For simplicity's sake, the team used an off-the-shelf 1994-era Pentium processor design for the cores themselves. "Performance on this chip is not interesting," Mattson said. It uses a standard x86 instruction set.
Re: (Score:3, Insightful)
Basically, we are going to need compilers that automatically take advantage of all that parallelism without making you think about it too much, and programming languages that are designed to make your programs parallel-friendly. Even Microsoft is finally starting to edge in this direction with F# and some new features of .NET 4.0. Look at Haskell and Erlang for examples of languages that take such things more seriously, even if the world takes them less seriously.
I don't know about AI, but almost certainly
Re: (Score:2)
True. CPUs like that would be a godsend for tasks like 3D rendering (entertainment industry, architectural visualization, ...).
Re: (Score:2)
Aerospace mockup and simulation... (Imagine, a "down to the last bolt" NURBS model, with dynamic stress simulation... Can theoretically be done now, but I have never seen a workstation in any production engineering department get closer than perhaps a wing segment before crashing the workstation.)
I greedily await such a future.
Re: (Score:2)
Here's an example of how it's used in the entertainment sector:
http://www.youtube.com/watch?v=JhJauu_vB2A [youtube.com]

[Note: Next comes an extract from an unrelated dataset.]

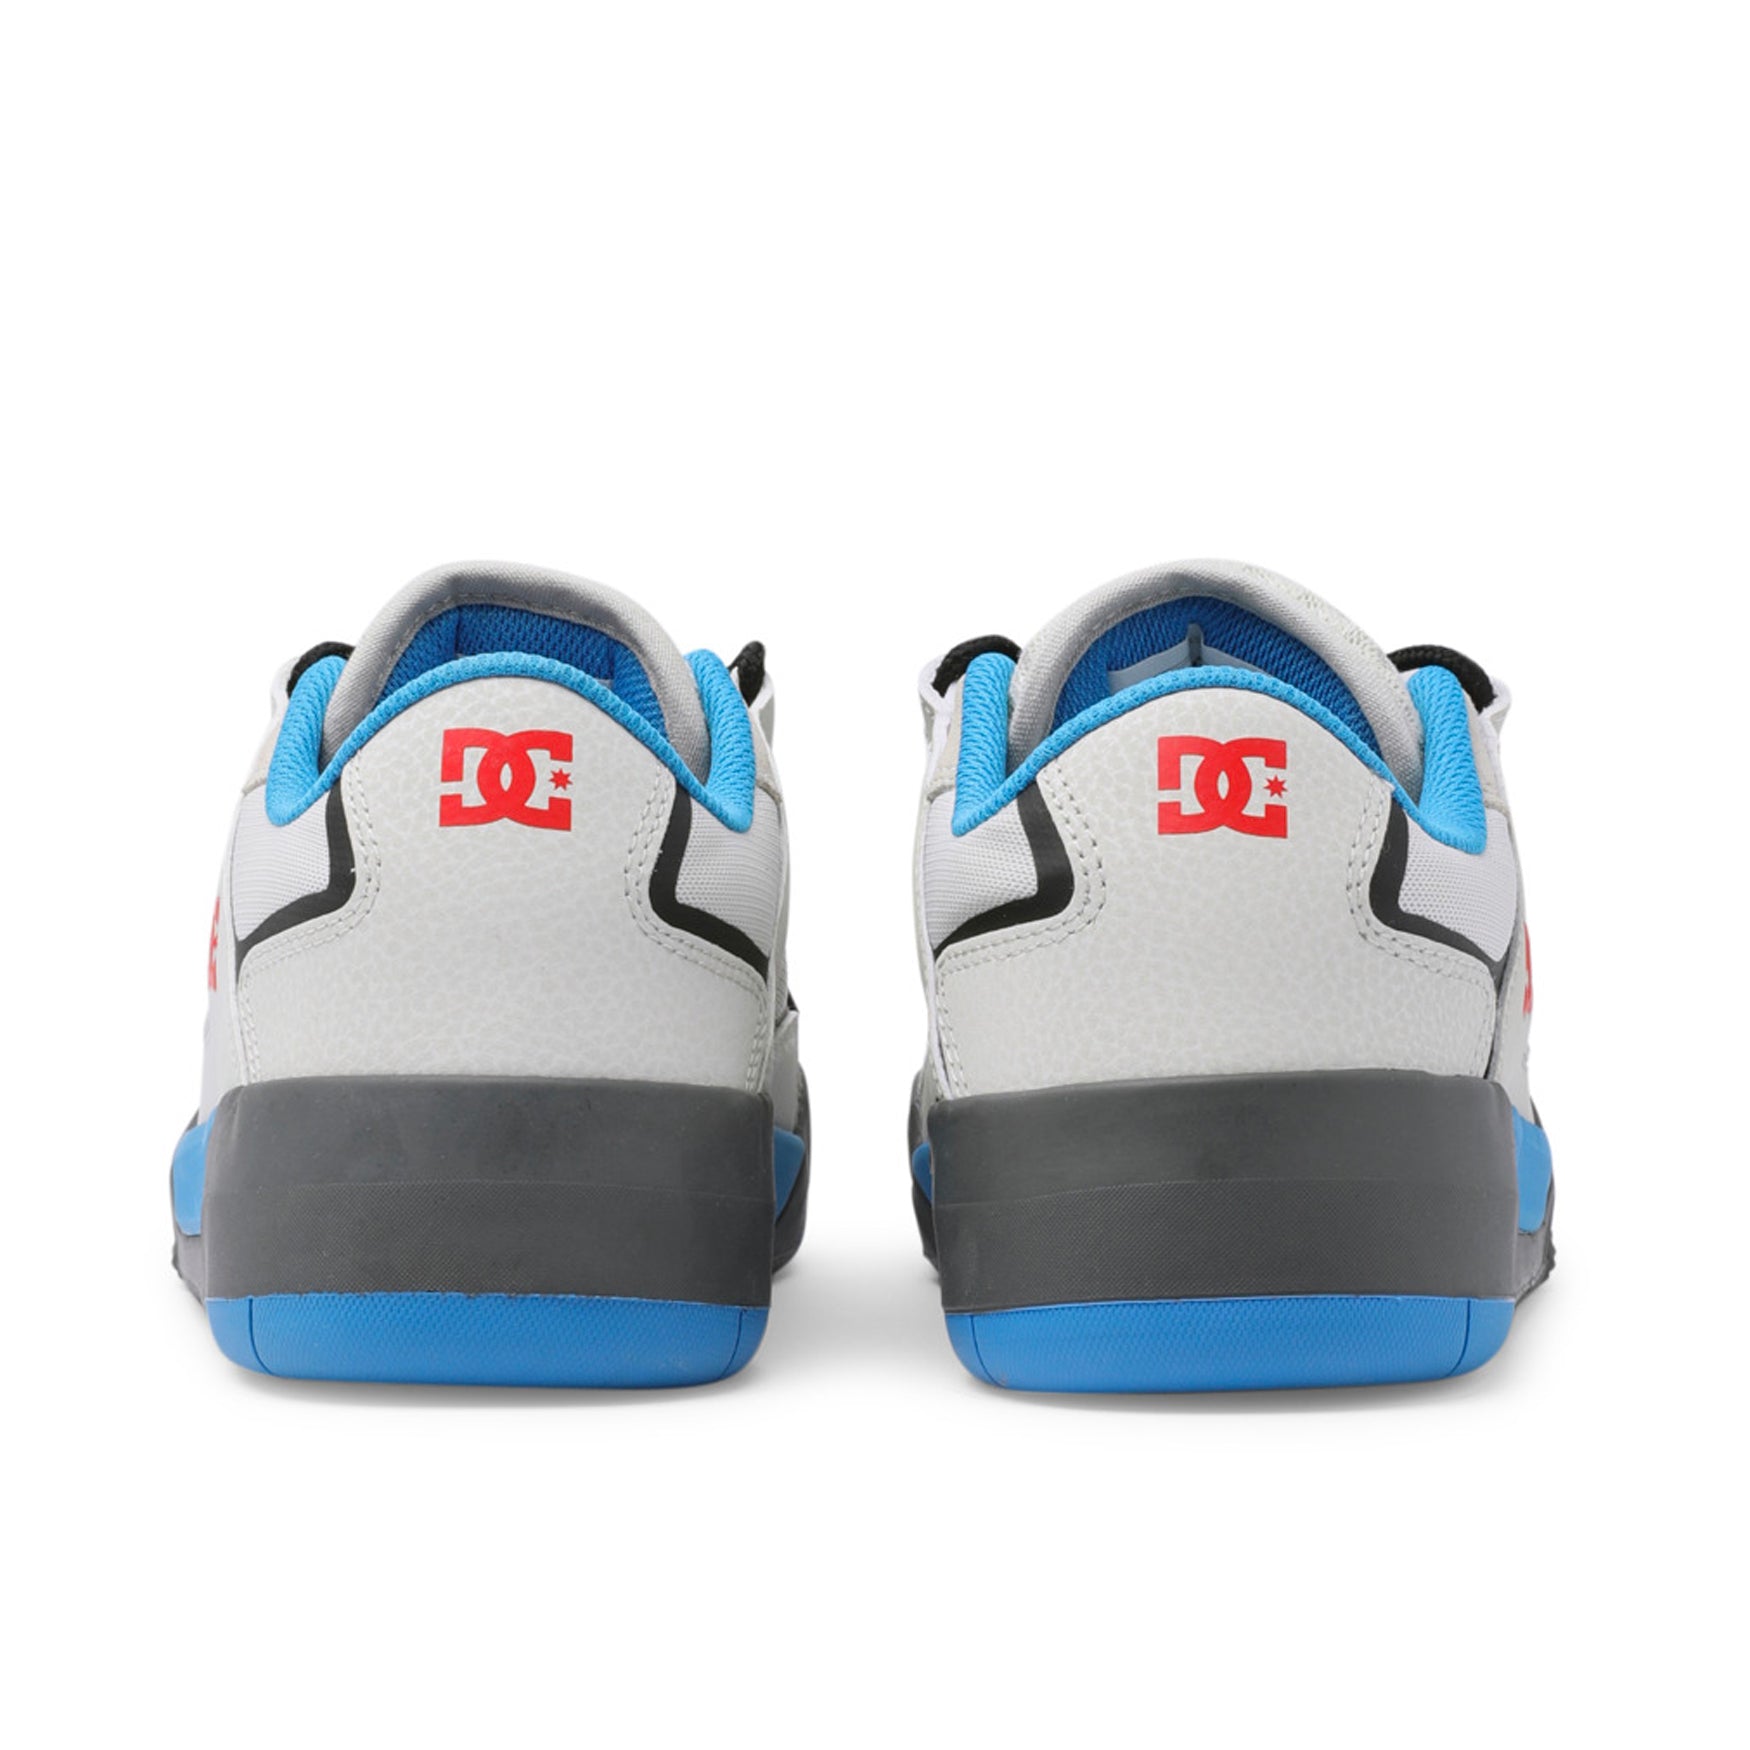 DC Metric LE Shoes - Blue/ White - Prime Delux Store

Basically linking a 3D suite up to a camera to get motion data, reference point positioning and other information to allow more seamless integration and even low-quality previews during the shoot. It's the technique from "Avatar", which was combined with two-stage motion capturing to make those shots possible ( http://www.wired.com/magazine/2009/11/ff_avatar_5steps/ [wired.com] ).

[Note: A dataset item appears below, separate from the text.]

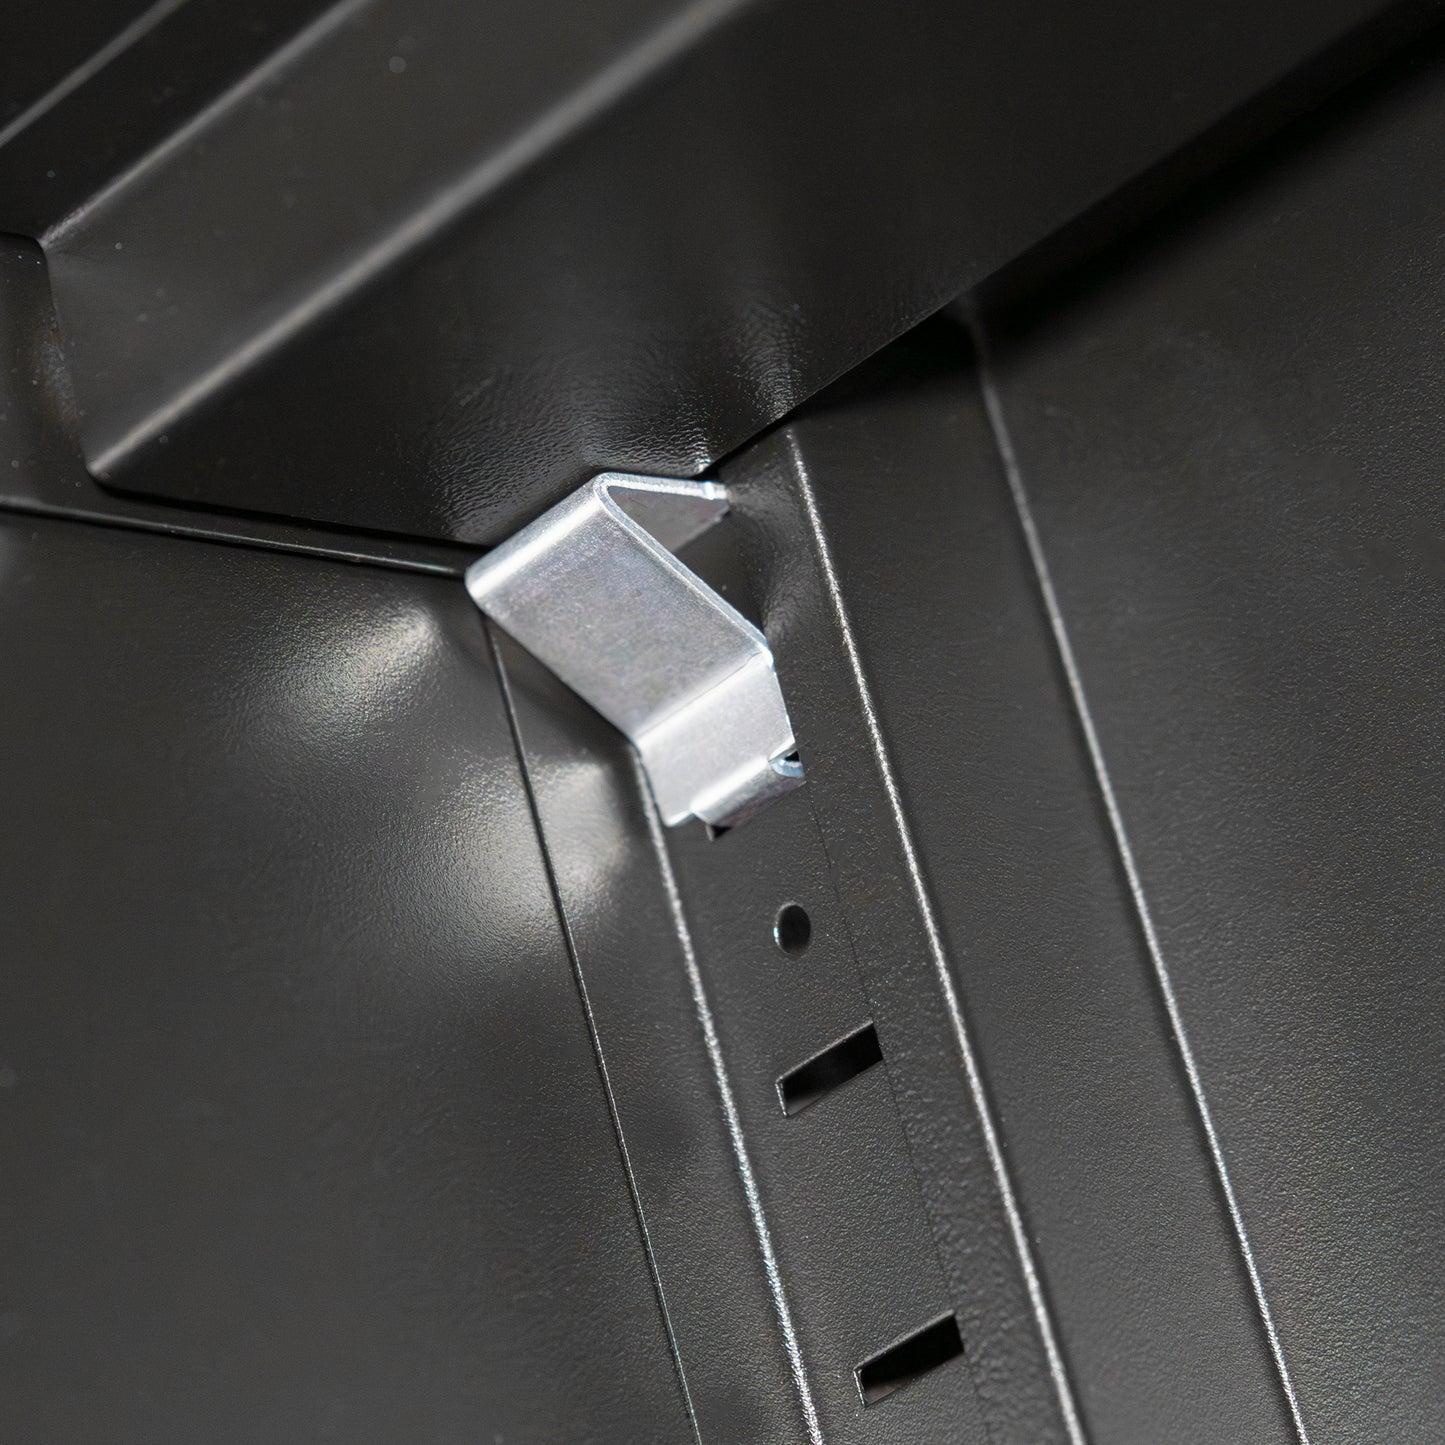 Lockable Steel Storage Cabinet with Adjustable Shelves, Black

Even with twin-hexacore workstations
Re: (Score:3, Informative)
"Lazy CPU designers" hah!
GPUs are severely limited on their types of tasks. Instead of a 1600 core GPU, pretend your CPU has as single large SIMD register that can hold 1600 floats. Now, it would be great at crunching large matrices of floats and utterly suck at everything else. That's a GPU in a nutshell. GPUs are absolutely horrible at branches. If one core takes a branch, every core in that core's group must stall and wait for the branch to finish. All cores must be working on the same instruction at the
Consumer oriented products can use many cores (Score:2)
Okay, I'm sure some high-end consumers would benefit from this, I think the majority of consumers will not.
As a game developer I have to say consumers could benefit. And no I am not necessarily thinking about more graphical eye candy. For example I would like to have hundreds of cores working on AI for computer controlled characters/units.